For Nursing Home Medicaid Long Term Care recipients, the nursing home facility will take care of acquiring and distributing prescription medications. Medicaid considers this one of the important benefits of Nursing Home Medicaid coverage.


Prescription Drug Coverage for Medicaid Beneficiaries Living at Home

For Medicaid beneficiaries who do not live in nursing homes, Medicaid offers coverage through Home and Community Based Service (HCBS) Waivers or Aged, Blind and Disabled (ABD) Medicaid, also known as Regular Medicaid. HCBS Waivers recipients must show a need for Nursing Home Level Care, but they will continue to live in their home or in the “community” (an assisted living facility, or the home of a relative, are two examples) while they receive health care services. ABD Medicaid recipients don’t have to show any medical need, they just need to be over age 65, or blind, or disabled. HCBS Medicaid Waivers and ABD Medicaid recipients must also meet financial criteria, just like Nursing Home Medicaid recipients. The asset and income limits for eligibility vary by state and type of Medicaid Long Term Care.

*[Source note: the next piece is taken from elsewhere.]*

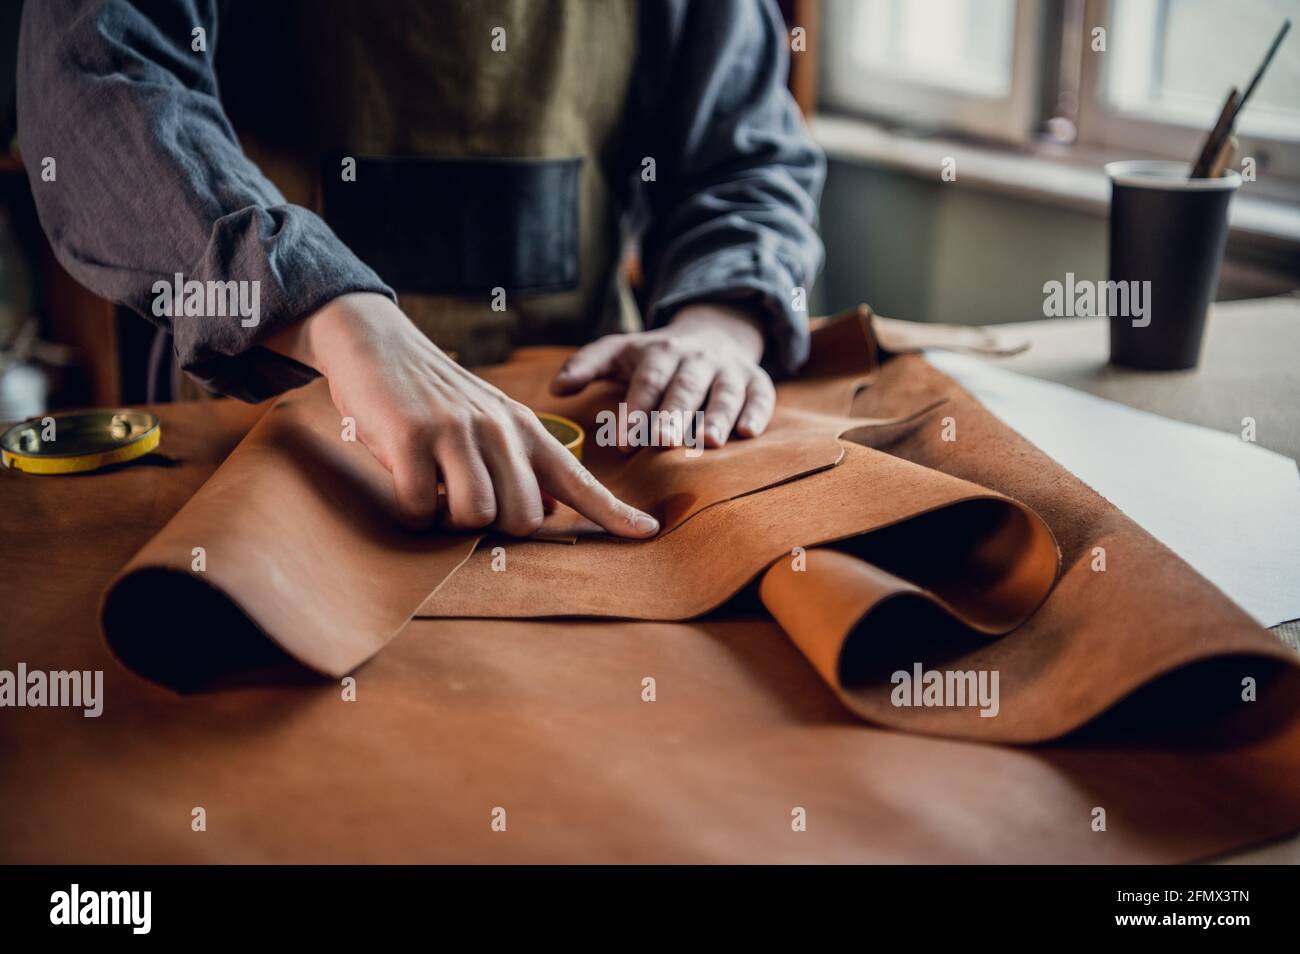 La etapa inicial de producción de zapatos de cuero, un joven pone el cuero  en la mesa para su uso posterior Fotografía de stock - Alamy

To buy prescription medications at the Medicaid rate, HCBS Waivers and ABD Medicaid recipients just show their Medicaid card at the pharmacy like any other insurance card.


Paying for Dietary Supplements with Medicaid Long Term Care Coverage

None of the three Medicaid Long Term Care Programs will directly cover non-prescribed health supplements such as vitamins, minerals, herbs, probiotics, fish oils, etc. However, there are programs and exceptions within HCBS Waivers and some state’s ABD Medicaid coverage that will help the Medicaid recipient acquire supplements. To understand how this works, there are two Medicaid concepts with which the reader must be familiar.


Using Medicaid Consumer Directed Care Budgets to Purchase Dietary Supplements

Certain HCBS Waivers and ABD Medicaid programs allow for Consumer Directed Care. This gives the Medicaid recipient a set amount of money per month to spend on medical/health products as the recipient sees fit. So, the HCBS Waivers or ABD Medicaid recipients could use the funds in that Consumer Directed Care budget to buy supplements of their choice.

Money from a Consumer Directed Care budget can also be used to purchase durable medical equipment, home care supplies and personal emergency response services. Consumer Directed Care can also be referred to as Consumer Directed Coverage, or Cash and Counseling.


Using Family Supplementation to Purchase Dietary Supplements

While it is not advisable for family members to give money to their loved one who is a Medicaid recipient, giving gifts (like vitamins, for example) can be okay and is known as “Family Supplementation.”

Money given directly to the Medicaid recipient will be considered income and could lessen the amount of coverage Medicaid will provide, or even make the individual Medicaid ineligible. Buying items for a Medicaid recipient is much less likely to cause these issues, but you should be clear on your state’s rules before doing this. Some states are very strict about gifts, but others have rules in place so Medicaid eligibility won’t be impacted by non-cash gifts. These states, known as Family Supplementation states, are Alaska, Arizona, Arkansas, Colorado, Delaware, Florida, Georgia, Idaho, Illinois, Iowa, Kansas, Maine, Minnesota, Missouri, Nevada, New Hampshire, New Jersey, New Mexico, North Carolina, North Dakota, Oklahoma, Tennessee, Texas, Utah, Virginia, Washington state, Wisconsin, and Wyoming.